## WORK INSTRUCTIONS
Reproduce only the stretch of entries below that begins at the first line and ends at the line holding "На фоне должен".
**** SUPPLIED DATA
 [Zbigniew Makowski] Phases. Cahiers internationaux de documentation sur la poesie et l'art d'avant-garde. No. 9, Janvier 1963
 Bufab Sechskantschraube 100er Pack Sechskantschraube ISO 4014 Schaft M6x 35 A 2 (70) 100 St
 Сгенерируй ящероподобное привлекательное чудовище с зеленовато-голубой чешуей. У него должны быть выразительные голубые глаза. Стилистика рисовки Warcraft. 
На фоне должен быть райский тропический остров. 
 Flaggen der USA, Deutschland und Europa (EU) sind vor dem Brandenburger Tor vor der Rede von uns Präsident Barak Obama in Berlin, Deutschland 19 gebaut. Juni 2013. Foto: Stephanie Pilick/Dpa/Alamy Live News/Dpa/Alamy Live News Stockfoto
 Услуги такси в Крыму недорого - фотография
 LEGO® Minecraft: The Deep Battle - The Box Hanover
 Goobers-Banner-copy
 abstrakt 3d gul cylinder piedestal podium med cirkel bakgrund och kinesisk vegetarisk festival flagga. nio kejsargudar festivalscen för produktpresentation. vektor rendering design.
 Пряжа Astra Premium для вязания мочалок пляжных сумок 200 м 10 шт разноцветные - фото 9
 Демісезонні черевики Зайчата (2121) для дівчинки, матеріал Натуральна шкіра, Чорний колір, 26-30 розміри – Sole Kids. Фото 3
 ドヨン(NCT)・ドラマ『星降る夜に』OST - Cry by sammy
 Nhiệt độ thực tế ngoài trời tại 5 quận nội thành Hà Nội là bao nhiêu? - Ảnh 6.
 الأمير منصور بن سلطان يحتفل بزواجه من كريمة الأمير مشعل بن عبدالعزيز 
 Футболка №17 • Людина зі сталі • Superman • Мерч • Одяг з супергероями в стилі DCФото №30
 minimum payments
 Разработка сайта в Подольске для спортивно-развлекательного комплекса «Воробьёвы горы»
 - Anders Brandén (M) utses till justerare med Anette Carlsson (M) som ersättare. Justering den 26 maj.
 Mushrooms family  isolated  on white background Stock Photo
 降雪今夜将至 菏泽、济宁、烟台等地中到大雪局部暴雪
********
## COMPLETED EXERCISE
 [Zbigniew Makowski] Phases. Cahiers internationaux de documentation sur la poesie et l'art d'avant-garde. No. 9, Janvier 1963
 Bufab Sechskantschraube 100er Pack Sechskantschraube ISO 4014 Schaft M6x 35 A 2 (70) 100 St
 Сгенерируй ящероподобное привлекательное чудовище с зеленовато-голубой чешуей. У него должны быть выразительные голубые глаза. Стилистика рисовки Warcraft. 
На фоне должен быть райский тропический остров. 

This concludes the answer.